■ Data section:
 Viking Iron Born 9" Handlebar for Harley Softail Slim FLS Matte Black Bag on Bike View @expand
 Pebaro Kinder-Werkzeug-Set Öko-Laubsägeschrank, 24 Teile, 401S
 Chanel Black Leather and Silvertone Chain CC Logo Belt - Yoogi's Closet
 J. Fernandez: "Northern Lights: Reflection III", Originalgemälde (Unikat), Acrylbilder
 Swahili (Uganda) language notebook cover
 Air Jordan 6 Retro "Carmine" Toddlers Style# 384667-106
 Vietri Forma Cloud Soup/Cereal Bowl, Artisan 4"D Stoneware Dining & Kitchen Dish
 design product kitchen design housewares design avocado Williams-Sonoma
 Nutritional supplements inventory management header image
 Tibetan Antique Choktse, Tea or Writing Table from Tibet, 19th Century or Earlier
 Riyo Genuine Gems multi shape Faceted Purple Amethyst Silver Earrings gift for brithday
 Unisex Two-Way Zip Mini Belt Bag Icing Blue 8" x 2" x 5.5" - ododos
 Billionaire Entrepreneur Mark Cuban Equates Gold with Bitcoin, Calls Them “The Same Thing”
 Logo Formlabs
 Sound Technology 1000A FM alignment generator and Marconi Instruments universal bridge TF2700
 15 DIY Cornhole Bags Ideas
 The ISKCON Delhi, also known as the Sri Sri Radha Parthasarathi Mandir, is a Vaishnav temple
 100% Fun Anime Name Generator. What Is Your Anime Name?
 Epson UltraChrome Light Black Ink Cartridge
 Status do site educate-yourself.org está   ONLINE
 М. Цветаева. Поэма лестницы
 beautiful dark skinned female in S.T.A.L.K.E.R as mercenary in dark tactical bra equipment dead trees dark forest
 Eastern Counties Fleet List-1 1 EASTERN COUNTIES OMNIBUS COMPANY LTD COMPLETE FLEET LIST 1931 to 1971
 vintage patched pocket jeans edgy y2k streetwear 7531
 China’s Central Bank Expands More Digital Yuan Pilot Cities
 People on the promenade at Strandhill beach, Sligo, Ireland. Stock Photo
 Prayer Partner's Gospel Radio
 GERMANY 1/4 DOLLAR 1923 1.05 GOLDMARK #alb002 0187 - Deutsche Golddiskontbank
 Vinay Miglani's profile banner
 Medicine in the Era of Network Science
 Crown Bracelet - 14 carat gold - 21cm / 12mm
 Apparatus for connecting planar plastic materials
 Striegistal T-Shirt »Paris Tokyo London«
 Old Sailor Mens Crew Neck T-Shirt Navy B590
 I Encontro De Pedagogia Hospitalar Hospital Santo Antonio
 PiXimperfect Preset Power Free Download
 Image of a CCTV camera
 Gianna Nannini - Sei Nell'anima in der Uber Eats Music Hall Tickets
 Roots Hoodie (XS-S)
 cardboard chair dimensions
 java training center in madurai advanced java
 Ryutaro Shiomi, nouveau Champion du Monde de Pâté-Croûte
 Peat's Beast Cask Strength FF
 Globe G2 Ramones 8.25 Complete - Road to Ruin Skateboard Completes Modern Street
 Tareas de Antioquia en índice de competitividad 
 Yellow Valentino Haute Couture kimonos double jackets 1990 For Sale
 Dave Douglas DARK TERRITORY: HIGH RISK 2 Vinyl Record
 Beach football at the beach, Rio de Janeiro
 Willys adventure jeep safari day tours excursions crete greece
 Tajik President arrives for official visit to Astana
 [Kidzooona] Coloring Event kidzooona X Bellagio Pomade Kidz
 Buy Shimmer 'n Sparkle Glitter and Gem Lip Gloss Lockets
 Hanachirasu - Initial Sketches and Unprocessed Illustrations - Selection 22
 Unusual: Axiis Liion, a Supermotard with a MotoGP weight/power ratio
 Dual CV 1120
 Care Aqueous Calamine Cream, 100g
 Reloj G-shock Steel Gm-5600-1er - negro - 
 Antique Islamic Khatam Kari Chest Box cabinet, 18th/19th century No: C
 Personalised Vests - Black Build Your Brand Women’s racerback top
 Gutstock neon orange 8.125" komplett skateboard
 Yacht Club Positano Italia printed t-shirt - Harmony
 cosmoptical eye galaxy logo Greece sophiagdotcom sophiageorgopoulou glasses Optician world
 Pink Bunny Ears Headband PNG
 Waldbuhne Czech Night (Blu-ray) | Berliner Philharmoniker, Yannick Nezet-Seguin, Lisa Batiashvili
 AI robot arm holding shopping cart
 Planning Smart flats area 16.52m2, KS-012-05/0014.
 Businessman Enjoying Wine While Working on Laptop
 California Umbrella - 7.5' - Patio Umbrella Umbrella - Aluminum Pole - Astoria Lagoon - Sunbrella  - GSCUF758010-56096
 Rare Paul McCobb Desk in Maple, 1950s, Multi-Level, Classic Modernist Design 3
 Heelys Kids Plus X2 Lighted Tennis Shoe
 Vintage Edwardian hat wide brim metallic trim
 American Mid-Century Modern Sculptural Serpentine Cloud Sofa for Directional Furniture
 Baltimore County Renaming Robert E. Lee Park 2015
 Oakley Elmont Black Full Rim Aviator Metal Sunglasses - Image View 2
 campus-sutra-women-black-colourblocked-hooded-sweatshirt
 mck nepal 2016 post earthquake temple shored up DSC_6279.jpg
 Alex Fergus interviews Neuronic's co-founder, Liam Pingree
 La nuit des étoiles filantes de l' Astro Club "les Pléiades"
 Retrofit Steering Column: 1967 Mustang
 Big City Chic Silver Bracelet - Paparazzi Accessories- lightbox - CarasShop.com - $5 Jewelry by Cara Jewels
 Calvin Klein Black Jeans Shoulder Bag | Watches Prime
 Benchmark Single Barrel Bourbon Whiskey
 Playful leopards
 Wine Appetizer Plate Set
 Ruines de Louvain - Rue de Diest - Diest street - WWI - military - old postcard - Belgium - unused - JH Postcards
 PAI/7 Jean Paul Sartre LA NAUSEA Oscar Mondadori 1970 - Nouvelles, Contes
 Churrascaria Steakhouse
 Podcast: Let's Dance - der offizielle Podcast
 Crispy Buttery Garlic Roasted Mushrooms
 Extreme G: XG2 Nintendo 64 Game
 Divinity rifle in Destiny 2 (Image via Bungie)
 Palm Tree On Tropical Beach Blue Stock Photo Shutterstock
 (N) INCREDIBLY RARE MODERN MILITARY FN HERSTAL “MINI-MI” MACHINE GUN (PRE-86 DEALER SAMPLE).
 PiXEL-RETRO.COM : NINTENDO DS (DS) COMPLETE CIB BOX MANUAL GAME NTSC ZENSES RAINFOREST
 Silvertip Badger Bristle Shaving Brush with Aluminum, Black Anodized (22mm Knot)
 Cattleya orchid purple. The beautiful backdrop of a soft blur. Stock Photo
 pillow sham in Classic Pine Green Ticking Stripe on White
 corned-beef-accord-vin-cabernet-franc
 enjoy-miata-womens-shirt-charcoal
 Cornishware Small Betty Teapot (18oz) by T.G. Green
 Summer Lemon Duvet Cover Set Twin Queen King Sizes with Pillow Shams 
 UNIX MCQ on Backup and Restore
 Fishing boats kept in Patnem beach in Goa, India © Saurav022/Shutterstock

■ Required action: Write out, exactly and with nothing else, the lines of the listing above from its first line through the line with "People on the".

■ Your response:
 Viking Iron Born 9" Handlebar for Harley Softail Slim FLS Matte Black Bag on Bike View @expand
 Pebaro Kinder-Werkzeug-Set Öko-Laubsägeschrank, 24 Teile, 401S
 Chanel Black Leather and Silvertone Chain CC Logo Belt - Yoogi's Closet
 J. Fernandez: "Northern Lights: Reflection III", Originalgemälde (Unikat), Acrylbilder
 Swahili (Uganda) language notebook cover
 Air Jordan 6 Retro "Carmine" Toddlers Style# 384667-106
 Vietri Forma Cloud Soup/Cereal Bowl, Artisan 4"D Stoneware Dining & Kitchen Dish
 design product kitchen design housewares design avocado Williams-Sonoma
 Nutritional supplements inventory management header image
 Tibetan Antique Choktse, Tea or Writing Table from Tibet, 19th Century or Earlier
 Riyo Genuine Gems multi shape Faceted Purple Amethyst Silver Earrings gift for brithday
 Unisex Two-Way Zip Mini Belt Bag Icing Blue 8" x 2" x 5.5" - ododos
 Billionaire Entrepreneur Mark Cuban Equates Gold with Bitcoin, Calls Them “The Same Thing”
 Logo Formlabs
 Sound Technology 1000A FM alignment generator and Marconi Instruments universal bridge TF2700
 15 DIY Cornhole Bags Ideas
 The ISKCON Delhi, also known as the Sri Sri Radha Parthasarathi Mandir, is a Vaishnav temple
 100% Fun Anime Name Generator. What Is Your Anime Name?
 Epson UltraChrome Light Black Ink Cartridge
 Status do site educate-yourself.org está   ONLINE
 М. Цветаева. Поэма лестницы
 beautiful dark skinned female in S.T.A.L.K.E.R as mercenary in dark tactical bra equipment dead trees dark forest
 Eastern Counties Fleet List-1 1 EASTERN COUNTIES OMNIBUS COMPANY LTD COMPLETE FLEET LIST 1931 to 1971
 vintage patched pocket jeans edgy y2k streetwear 7531
 China’s Central Bank Expands More Digital Yuan Pilot Cities
 People on the promenade at Strandhill beach, Sligo, Ireland. Stock Photo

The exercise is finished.